8.14.Headings.  The title of and section headings in this Security Agreement are for convenience of reference only, and shall not govern the interpretation of any of the terms and provisions of this Security Agreement.

8.15.Termination.  This Security Agreement shall continue in effect (notwithstanding the fact that from time to time there may be no Secured Obligations outstanding) until (i) the Credit Agreement has terminated pursuant to its express terms and (ii) all of the Secured Obligations have been indefeasibly paid and performed in full (or with respect to any outstanding Facility LCs, a cash deposit or Supporting Letter of Credit has been delivered to the Collateral Agent as required by the Credit Agreement) and no commitments of the Collateral Agent or the Secured Parties which would give rise to any Secured Obligations are outstanding.

8.16.Entire Agreement.  This Security Agreement embodies the entire agreement and understanding between the Grantors and the Collateral Agent relating to the Collateral and supersedes all prior agreements and understandings between the Grantors and the Collateral Agent relating to the Collateral.
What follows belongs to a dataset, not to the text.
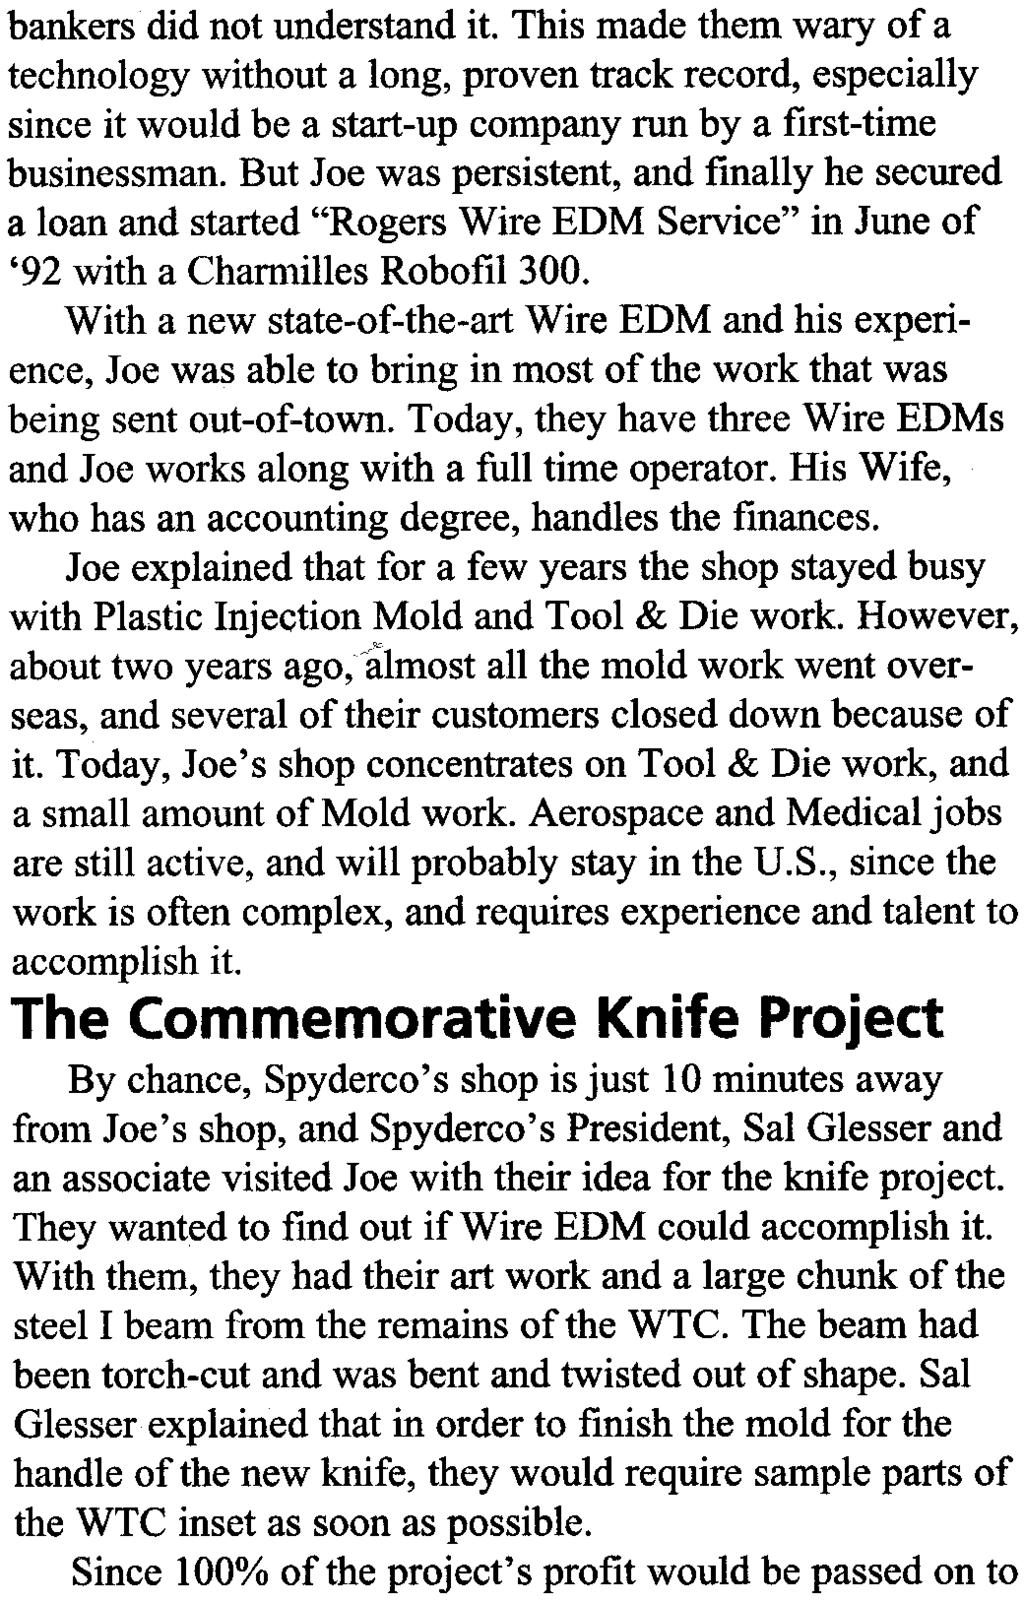 With a new state-of-the-art Wire EDM and his experience, Joe was able to bring in most of the work that was being sent out-of-town.

8.17.CHOICE OF LAW.  THIS SECURITY AGREEMENT SHALL BE GOVERNED BY, AND CONSTRUED IN ACCORDANCE WITH, THE INTERNAL LAWS OF THE STATE OF NEW YORK, BUT GIVING EFFECT TO FEDERAL LAWS APPLICABLE TO NATIONAL BANKS.

8.18.CONSENT TO JURISDICTION.  EACH GRANTOR HEREBY IRREVOCABLY SUBMITS TO THE NON‑EXCLUSIVE JURISDICTION OF THE COURTS OF THE STATE OF NEW YORK, THE COURTS OF THE UNITED STATES FOR THE SOUTHERN DISTRICT OF NEW YORK, AND APPELLATE COURTS FROM ANY THEREOF, IN ANY ACTION OR PROCEEDING ARISING OUT OF OR RELATING TO THIS SECURITY AGREEMENT OR ANY OTHER LOAN DOCUMENT AND EACH GRANTOR HEREBY IRREVOCABLY AGREES THAT ALL CLAIMS IN RESPECT OF SUCH ACTION OR PROCEEDING MAY BE HEARD AND DETERMINED IN ANY SUCH COURT AND IRREVOCABLY WAIVES ANY OBJECTION IT MAY NOW OR HEREAFTER HAVE AS TO THE VENUE OF ANY SUCH SUIT, ACTION OR PROCEEDING BROUGHT IN SUCH A COURT OR THAT SUCH COURT IS AN INCONVENIENT FORUM.  NOTHING HEREIN SHALL LIMIT THE RIGHT OF THE AGENT OR ANY LENDER TO BRING PROCEEDINGS AGAINST ANY GRANTOR IN THE COURTS OF ANY OTHER JURISDICTION.  ANY JUDICIAL PROCEEDING BY ANY GRANTOR AGAINST THE AGENT OR ANY LENDER OR ANY AFFILIATE OF THE AGENT OR ANY LENDER INVOLVING, DIRECTLY OR INDIRECTLY, ANY MATTER IN ANY WAY ARISING OUT OF, RELATED TO, OR CONNECTED WITH THIS SECURITY AGREEMENT OR ANY OTHER LOAN DOCUMENT SHALL BE BROUGHT ONLY IN A COURT IN THE STATE OF NEW YORK.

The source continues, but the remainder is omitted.